Il sottosegretario alla Sanità Stephen Barclay è stato nominato nuovo ministro per la Brexit. Lo riporta il Guardian. Poco conosciuto, Barclay è stato direttore della Barclays Bank ed ha votato 'Leave' al referendum sul divorzio da Bruxelles. La nomina di Barclay una sorpresa dagli osservatori, tenuto conto del suo profilo politico relativamente modesto finora, malgrado gli incarichi da sottosegretario prima al Tesoro e poi alla Sanità. Downing Street precisa peraltro che il suo ruolo sarà "diverso" rispetto a quello dell'uscente Dominic Raab. Di fatto non avrà il compito di negoziare in prima fila con Bruxelles - compito ormai affidato a Ollie Robins, un alto funzionario spostato nei mesi scorsi dal dicastero per la Brexit all'ufficio del primo ministro - bensì di preparare "il fronte interno" all'entrata in vigore della Brexit, di occuparsi dei piani operativi in vista sia d'una possibile approvazione parlamentare dell'intesa sul divorzio dall'Ue raggiunta con Bruxelles sia d'un ipotetico "no deal" e di seguire i passaggi a Westminster della nuova legislazione nazionale che il Regno si avvia a introdurre nei vari settori prima dell'uscita dal club europeo.

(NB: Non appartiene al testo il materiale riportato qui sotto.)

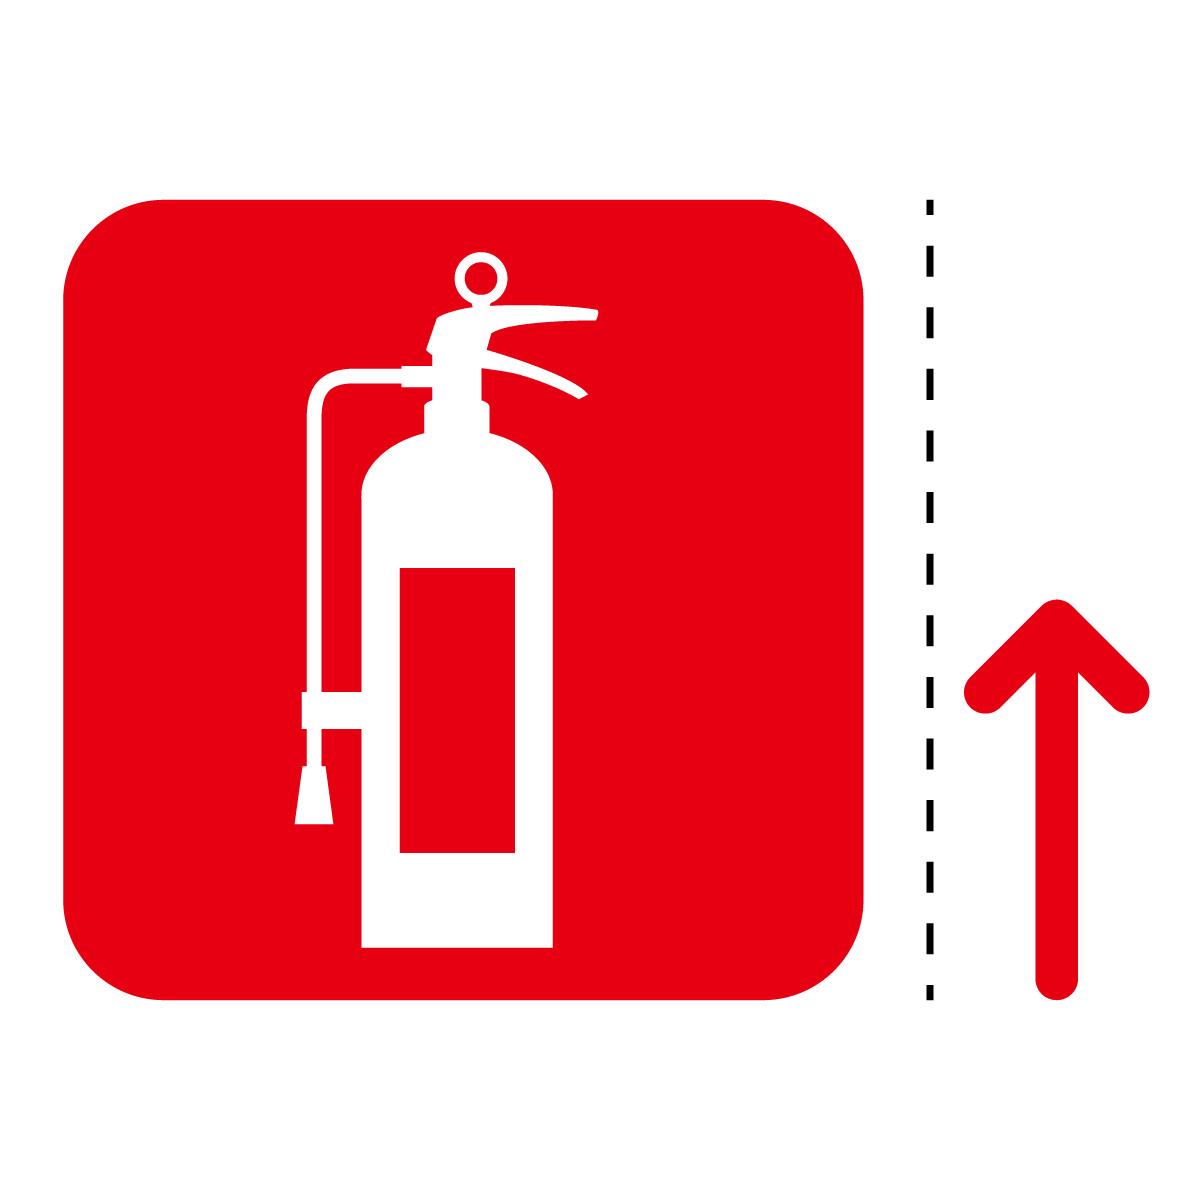 赤色の消火器案内マーク(矢印付き)のカッティングステッカー・シール

Completato il mini-rimpasto di governo con Amber Rudd neoministra del Lavoro, in sostituzione della dimissionaria Esther McVey, uscita di scena in polemica con l'accordo sulla Brexit con Bruxelles patrocinato dalla premier Theresa May. Lo annuncia Downing Street. Rudd era stata costretta a dimettersi da ministra dell'Interno con l'accusa di aver mentito al parlamento sullo scandalo dei diritti negati ai miranti storici caraibici della cosiddetta generazione Windrush. Ma in seguito un'inchiesta interna ha stabilito che sarebbe stata a sua volta ingannata da alcuni funzionari. Barclay, ex banchiere alla City, è brexiteer e ha sostenuto la campagna pro Leave al referendum del 2016, ma è considerato anche totalmente leale a Theresa May, non avendo mai aderito ad alcuna azione di dissenso. Amber Rudd è invece una Remainer, altrettanto fedele alla premier.

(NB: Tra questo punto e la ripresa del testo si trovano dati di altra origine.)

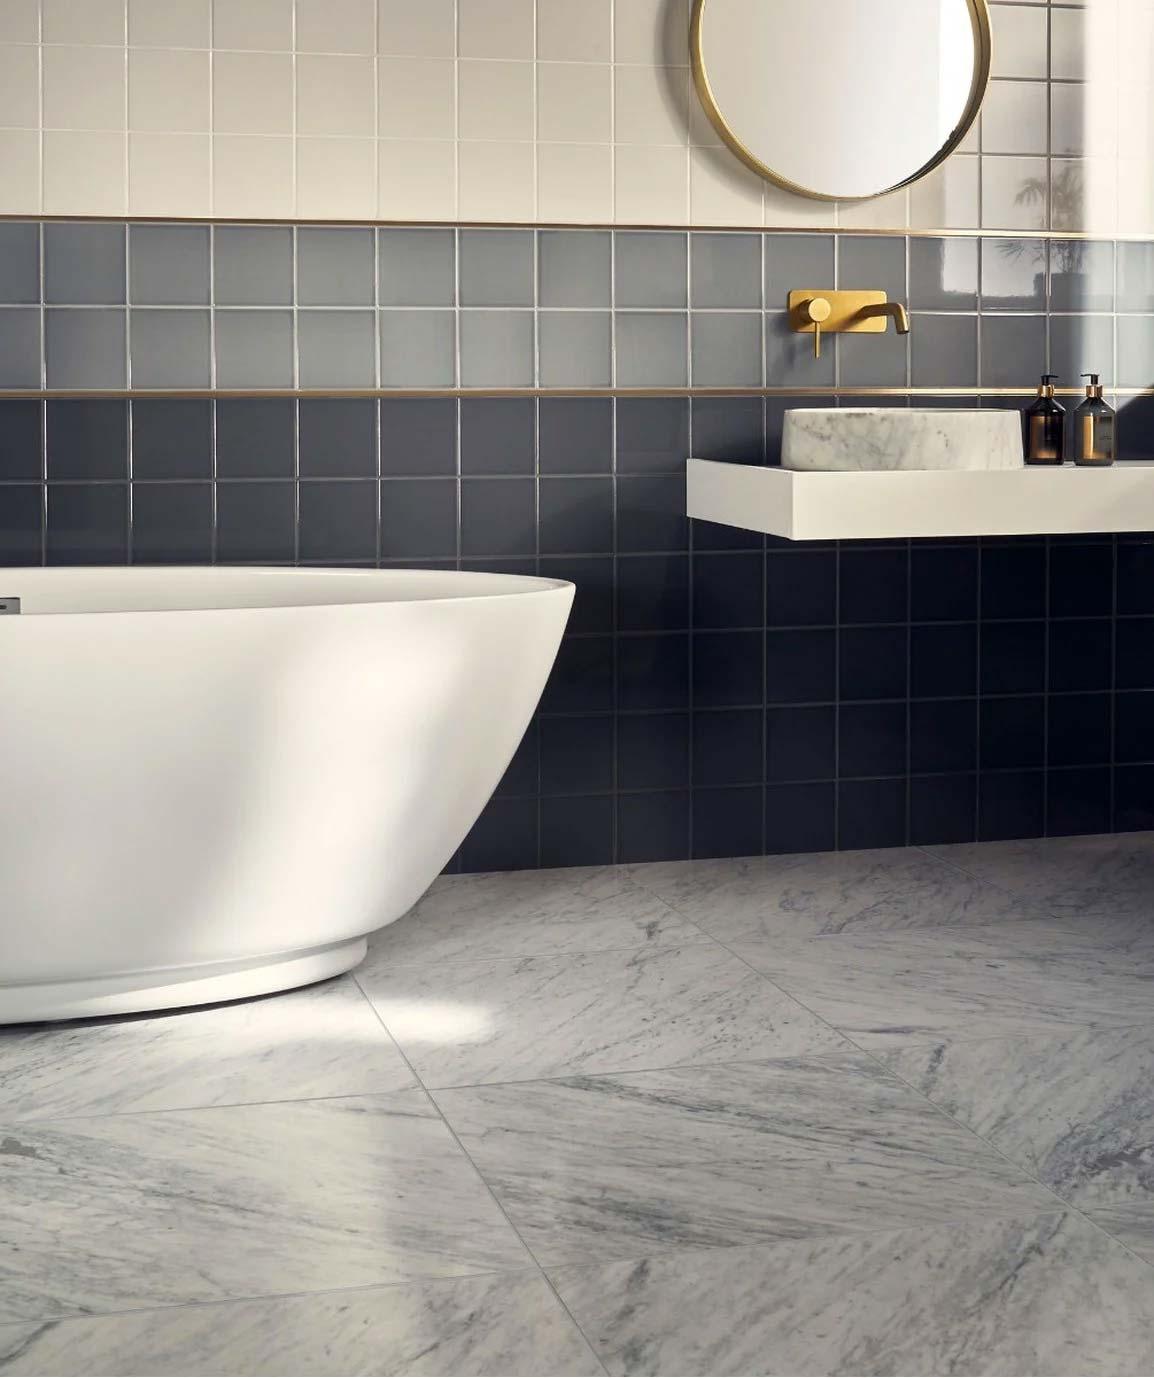 De geslepen Carrara marmeren tegels van Toppstiles.co.uk in deze mooie badkamer zijn perfect voor het creëren van een luxueuze en verfijnde esthetiek.

Il Chief Whip del Partito Conservatore britannico (capogruppo alla Camera dei Comuni e membro del governo) ha annullato la convocazione straordinaria annunciata in mattinata dell'ufficio di presidenza del gruppo che aveva fatto pensare a un imminente avvio della procedura sulla mozione di sfiducia contro la leadership Tory di Theresa May. La convocazione riguardava tutti i 'whip', cioè i soli componenti dell'ufficio di presidenza che nell'ordinamento britannico aiutano a coordinare i lavori parlamentari.
E niente dimissioni dal governo di Theresa May per il ministro dell'Ambiente, Michael Gove. Lo annunciano fonti a lui vicine smentendo indiscrezioni circolate al riguardo dopo il suo presunto rifiuto di sostituire Dominic Raab al dicastero per la Brexit. L'annuncio ferma l'emorragia di esponenti 'brexiteers' dall'esecutivo e delude i conservatori più ultrà nella corrente dei falchi. Mentre dalla presidenza del partito arriva un segnale di rassicurazione: May ha i numeri per "vincere" in caso di mozione di sfiducia alla sua leadership.
Gove, secondo indiscrezioni riportate da fonti mediatiche, non solo non intende dimettersi, ma pare abbia convinto altri quattro ministri 'brexiteers' di spicco superstiti a restare come lui nella compagine: il titolare del Commercio con l'Estero, Liam Fox, quello dei Trasporti, Chris Grayling, quella dello Sviluppo Internazionale, Penny Mordaunt, e quella dei Rapporti con il Parlamento, Andrea Leadsom. L'obiettivo concordato dal quintetto, stando a un notista politico del Sunday Times, sarebbe quello di cercare di mantenere un peso in grado di continuare a condizionare le scelte del governo e di Theresa May e, se possibile, a "migliorare" le intese negoziali con Bruxelles sulla Brexit. "Dimettersi e unirsi alla ribellione non aiuterebbe nessuno", pare abbia detto uno di loro.